Ah, spring. Birds are chirping, flowers are blooming, days are getting longer… and social media is rife with memes making fun of lawns. In early May, Twitter user @anatlfn’s thread of “anti grass memes” went viral, reaching almost 250,000 likes. “Friendship ended with monoculture lawns. Now vegetable food garden lawns with biodiversity is my friend,” one reads.
Another uses the increasingly buff Spongebob to compare the weaker “gardens when planted with monocultures” to the more powerful “gardens that mimic native ecosystems and contain an abundance of native plants.”
In yet another, a huge red X has been traced over the photo of a well-tended green lawn. “No more lawns,” it says. “Society has progressed past the need for lawns.”
@anatlfn is far from the only person to have “found anti grass memes.” Across different platforms, a seasoned movement of environmental activists and regular users is raising awareness of the various threats that classic “green carpet” lawns pose to the environment.
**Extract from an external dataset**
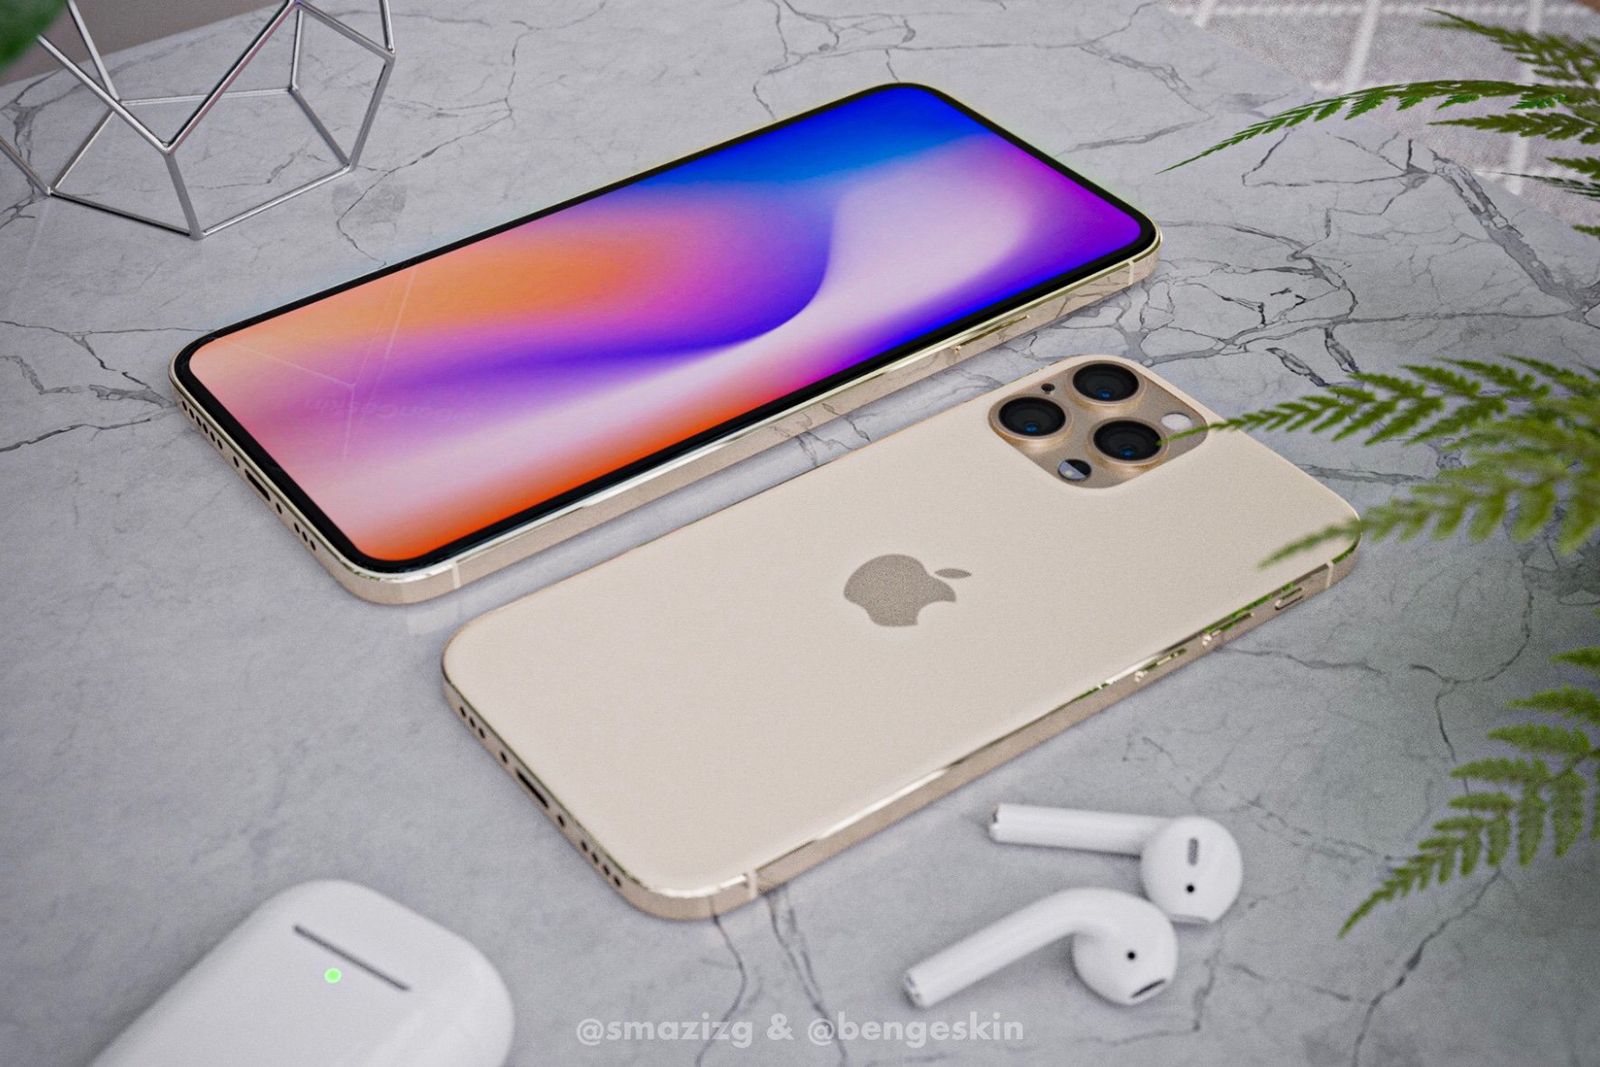 Apple products launching in 2020 Our predictions for iPhone iPad Mac AirPods and more image 1

Their online concerns mirror a growing offline understanding of how grass lawns hurt the environment: The governments of California and Utah, for instance, are offering turf buyback programs to incentivize people to switch their lawns to less water-consuming alternatives, while smaller towns like Maryland’s College Park are rewriting their city codes to openly encourage “naturalized and native landscapes.”
Lawmakers in Nevada even passed a law banning non-essential turf in the Las Vegas region served by the Southern Nevada Water Authority.
According to a 2018 Science report, lawns are the largest irrigated nonfood crop in the United States. Kentucky bluegrass—the main variety that now populates yards across the U.S.—was first imported to America alongside livestock from Europe in the 1600s so that horses and cows could graze. In the following centuries, this perennial species of grass became a popular status symbol for the upper and middle classes.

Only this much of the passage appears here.